Weinbau und Kellertechnik

Weinbergsarbeit

Amerikas Weinindustrie zeichnet sich durch die Kombination traditioneller europäischer Vinifizierungsmethoden, mit neugewonnenen Erkenntnissen und Innovationen sowie dem gezielten Einsatz hochmoderner technischer Geräte und Verfahren einerseits, und der Rückkehr zu ursprünglichen, handwerklichen Produktionsmethoden andererseits, aus.
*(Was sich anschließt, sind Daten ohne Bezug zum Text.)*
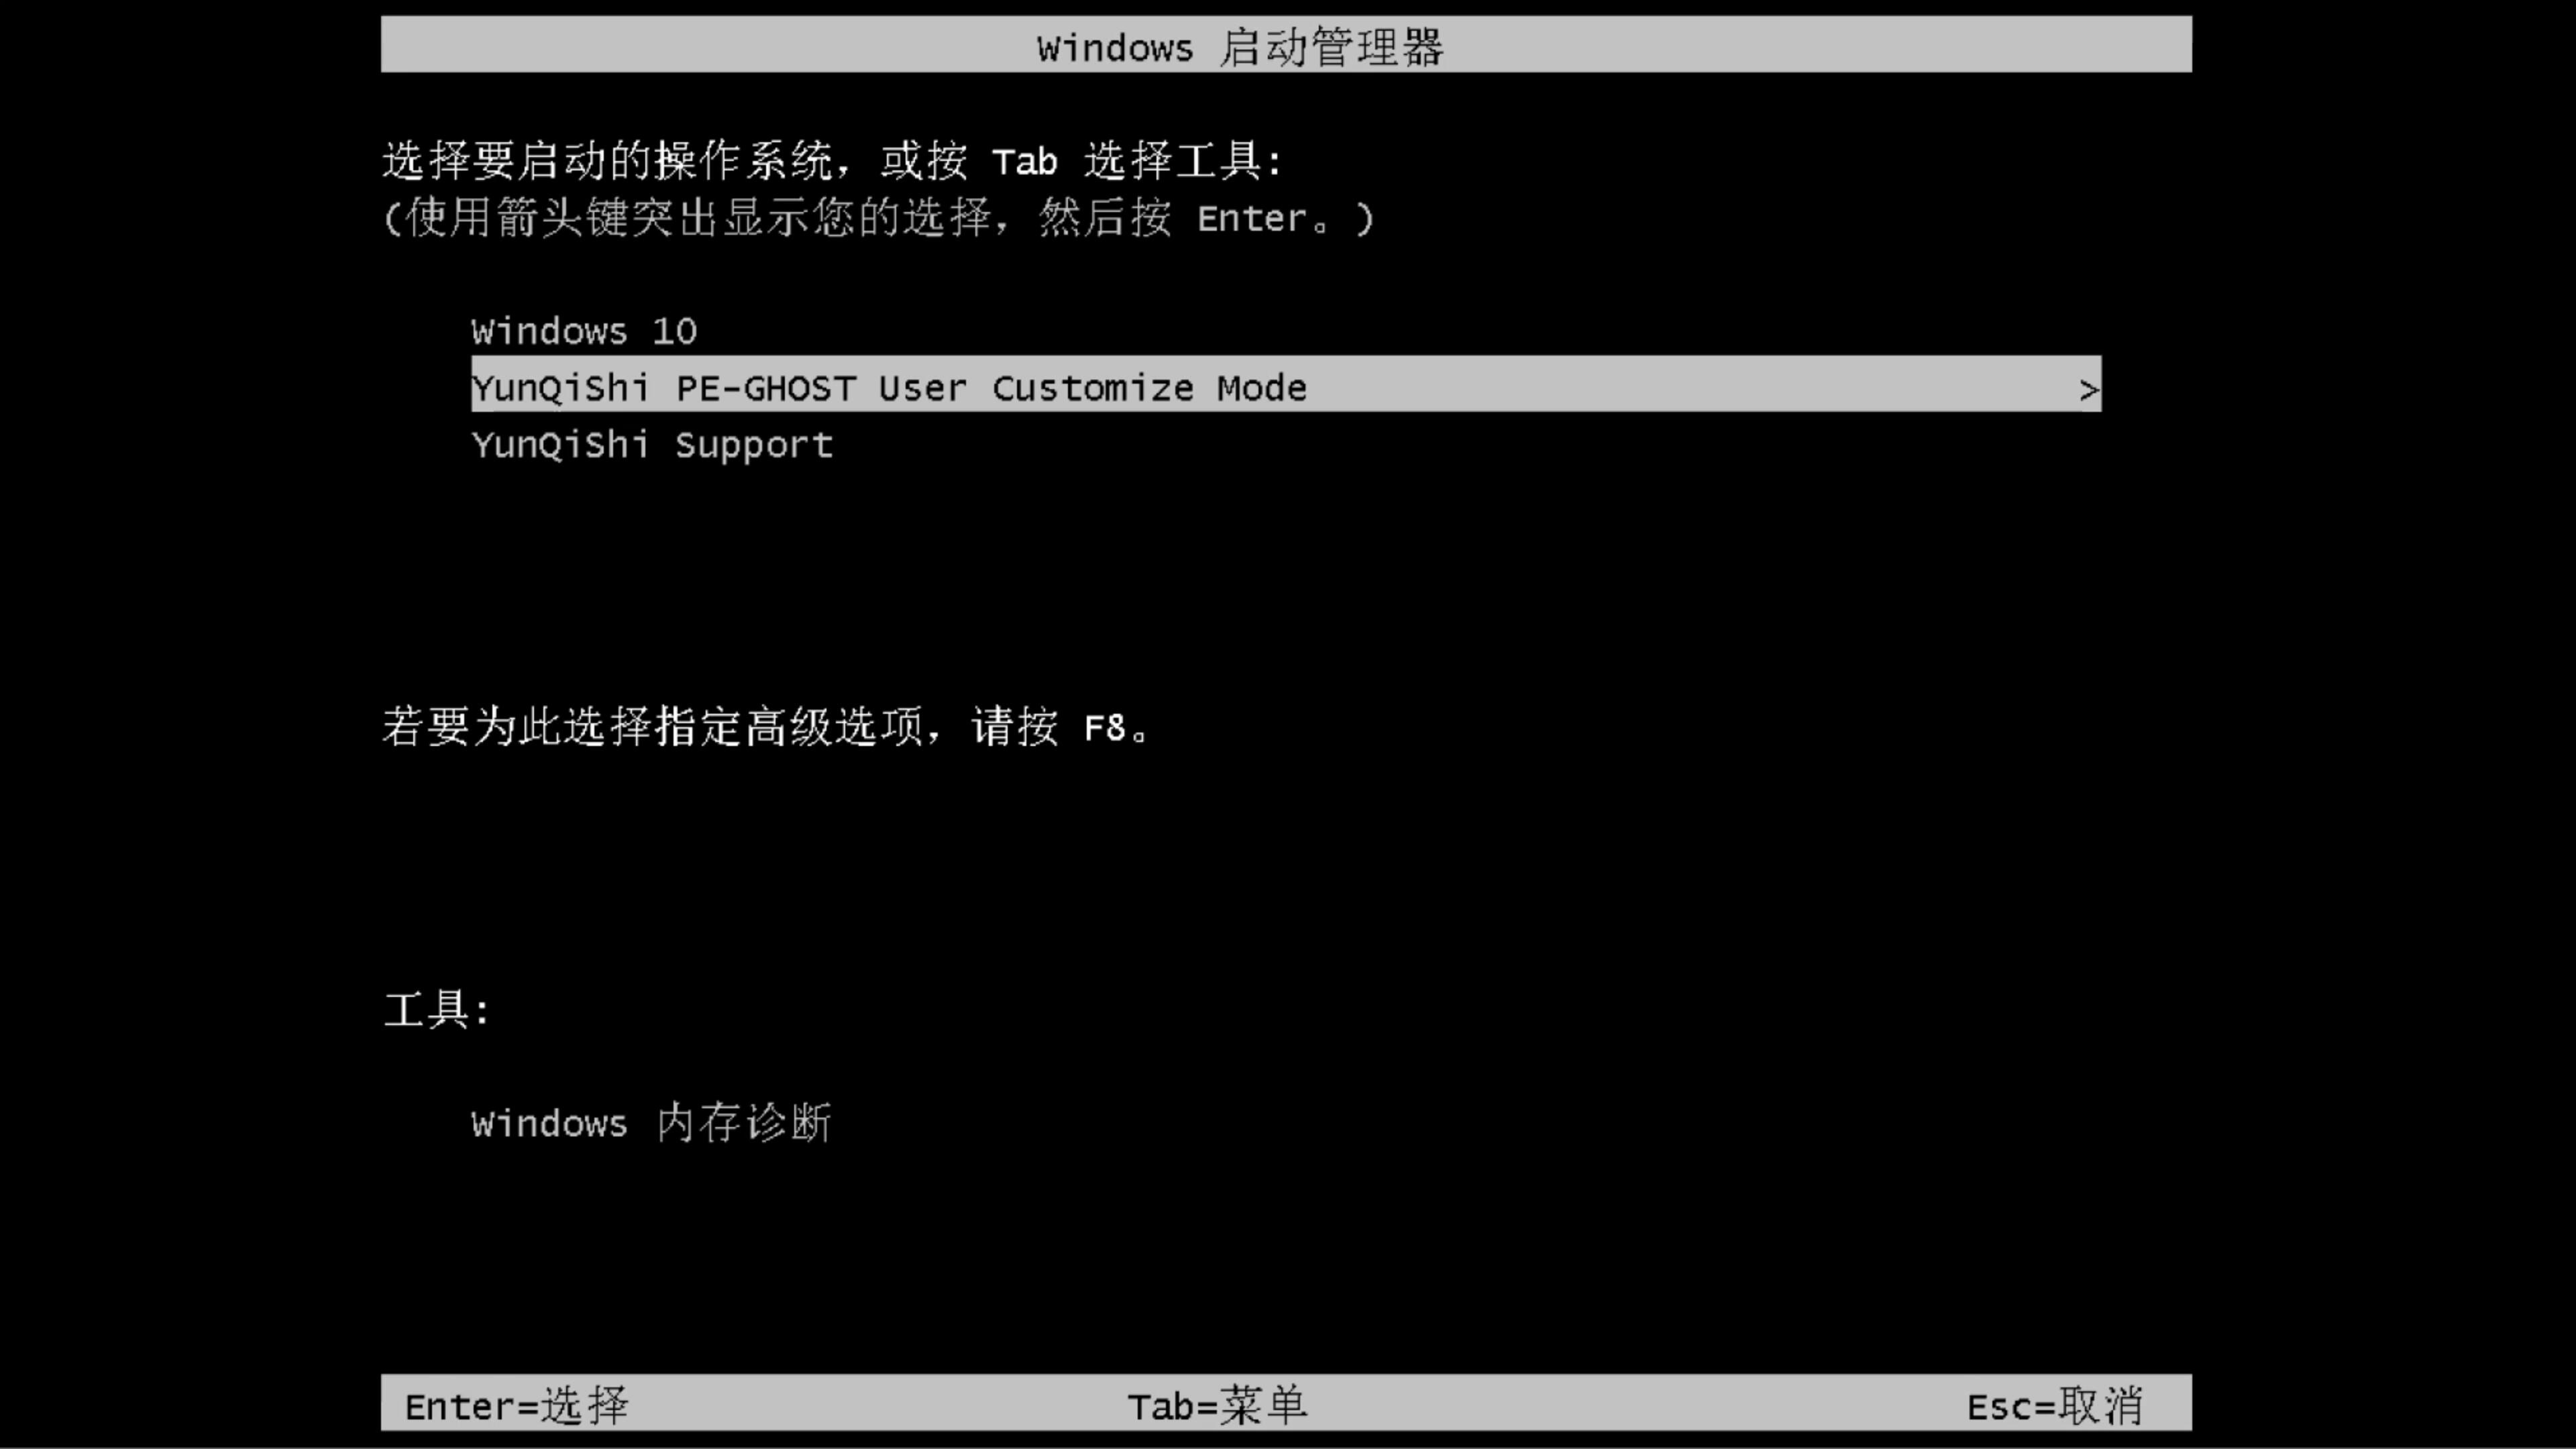 苹果笔记本专用系统  WINDOWS7 x64 SP1 纯净中文旗舰版系统下载 V2022.05(9)
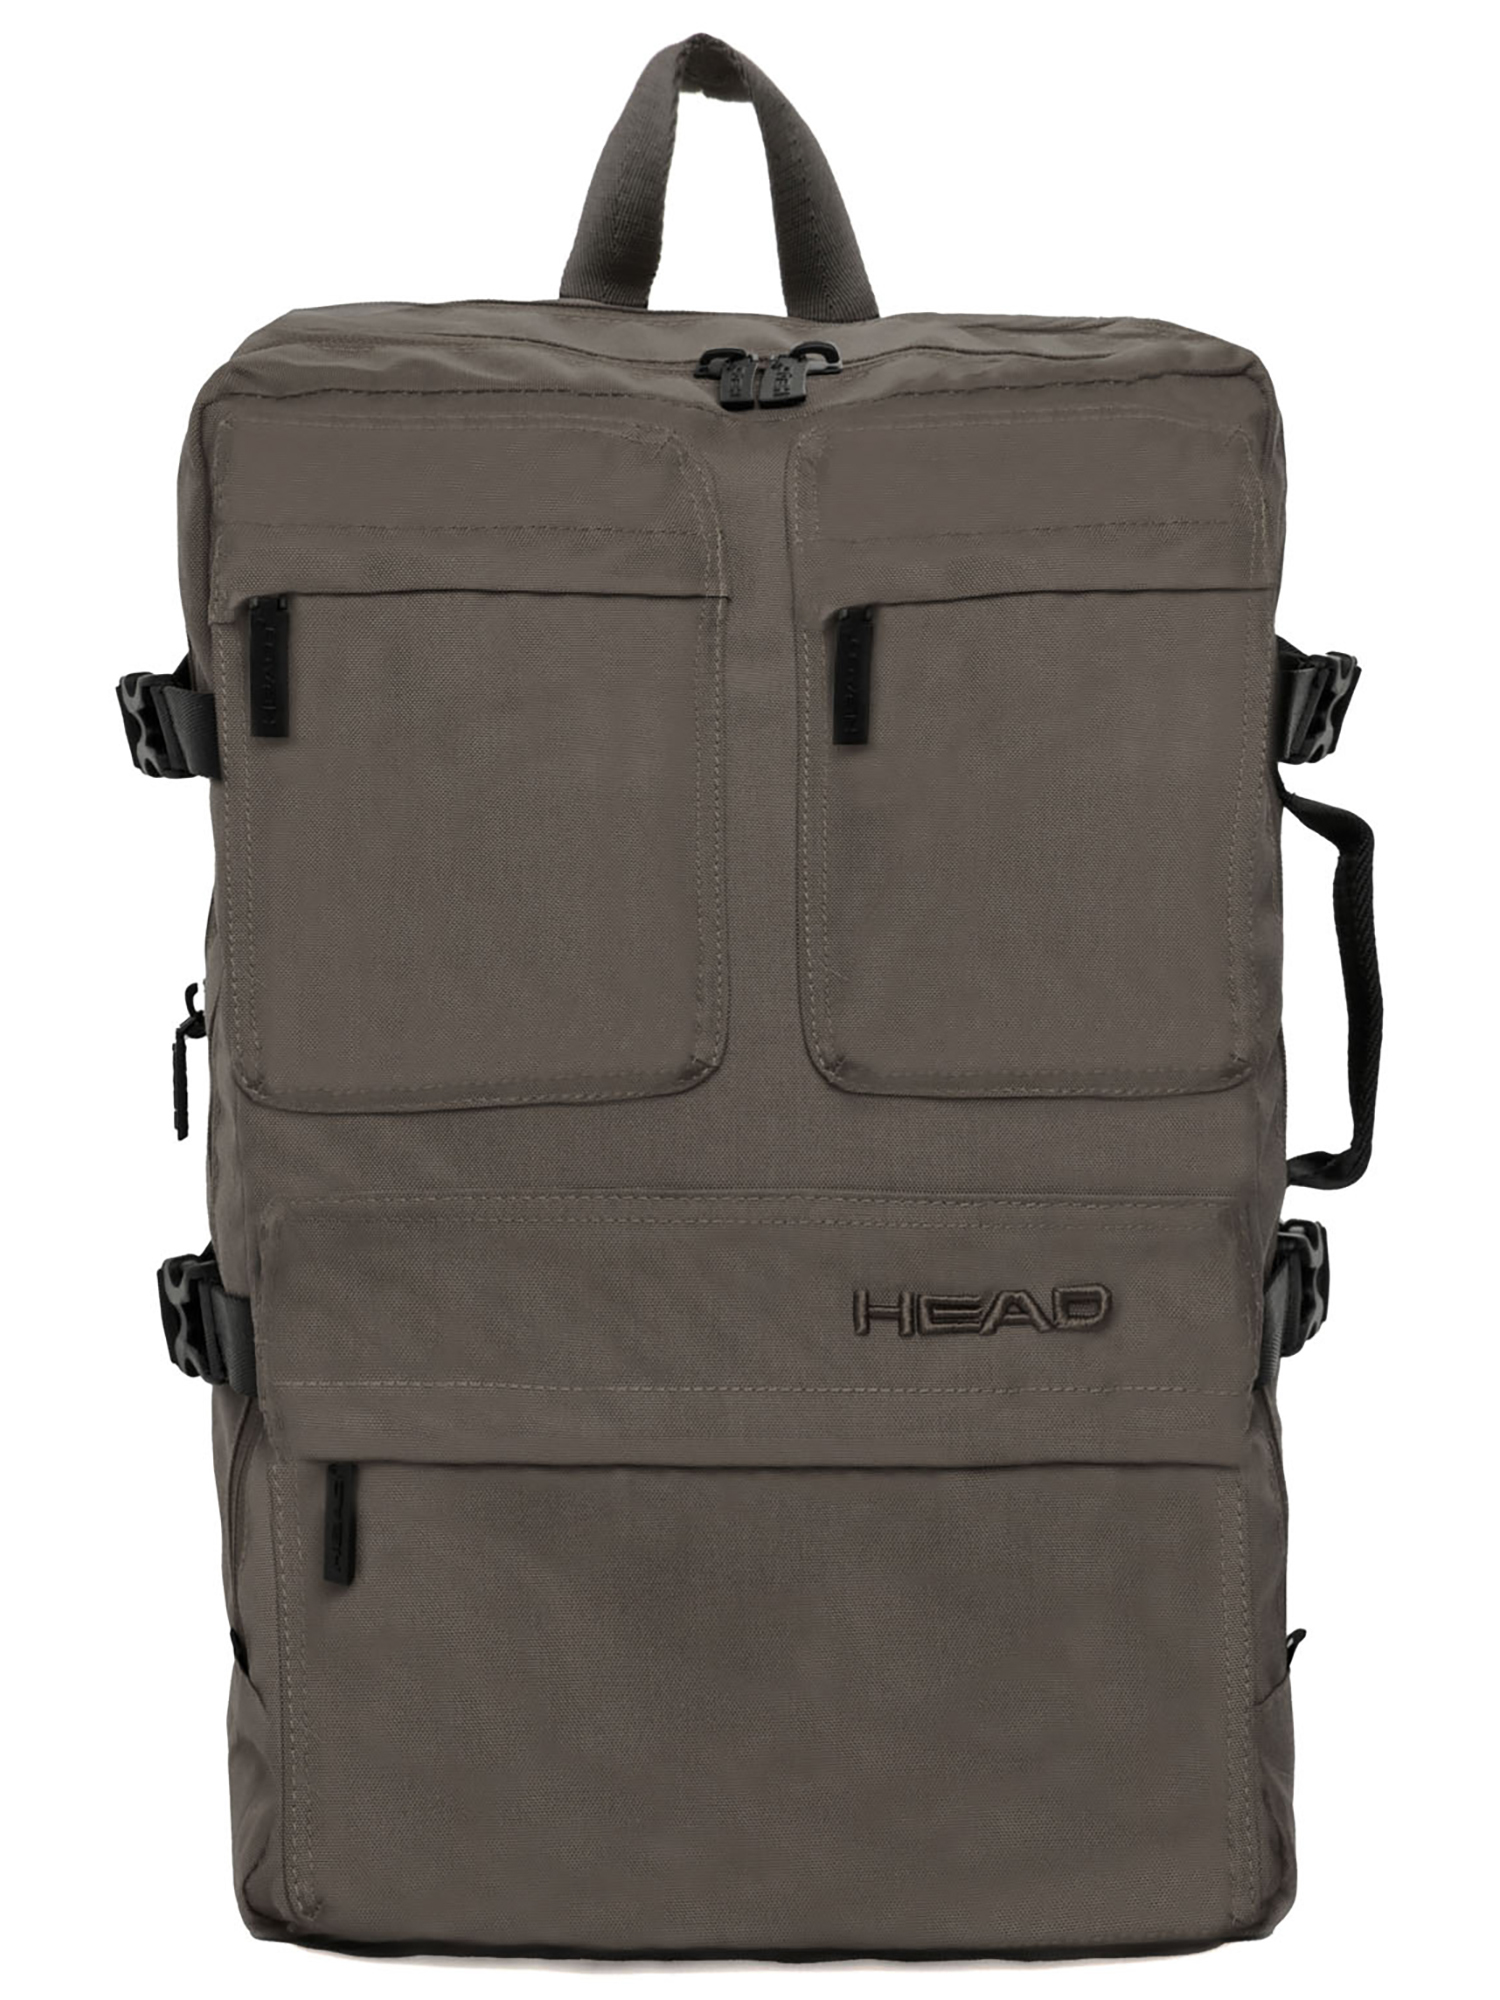 Рюкзак HEAD Day Squared Backpack, темно серый

Mittlerweile heißt das Hauptkriterium "Qualität" und hochtechnisierte Weinherstellung am Computer tritt mehr und mehr in den Hintergrund. "Handcrafted wines" und "Terroir" lauten die Zauberwörter der Zukunft. So kommt inzwischen weniger den einzelnen Sorten und Klonen an sich, als vielmehr dem Terroir (Boden, Mikroklima, Exposition) und seinen spezifischen Anforderungen die Hauptbedeutung zu. Oregon ist besonders experimentierfreudig und setzt für Chardonnay und Pinot Noir zunehmend Dijon-Klone ein. Die von UC Davis empfohlenen, auf phylloxeraresistente Wurzelstöcke gepfropften Rebstöcke eignen sich vor allem für wärmere Klimate. Doch auch dort werden mehr und mehr die Vorteile der Dijonstöcke erkannt. Maßgeblich sind in den USA eine Reihe von Weinuniversitäten. Fresno State, Oregon State und natürlich die berühmte University of California at Davis (UC Davis).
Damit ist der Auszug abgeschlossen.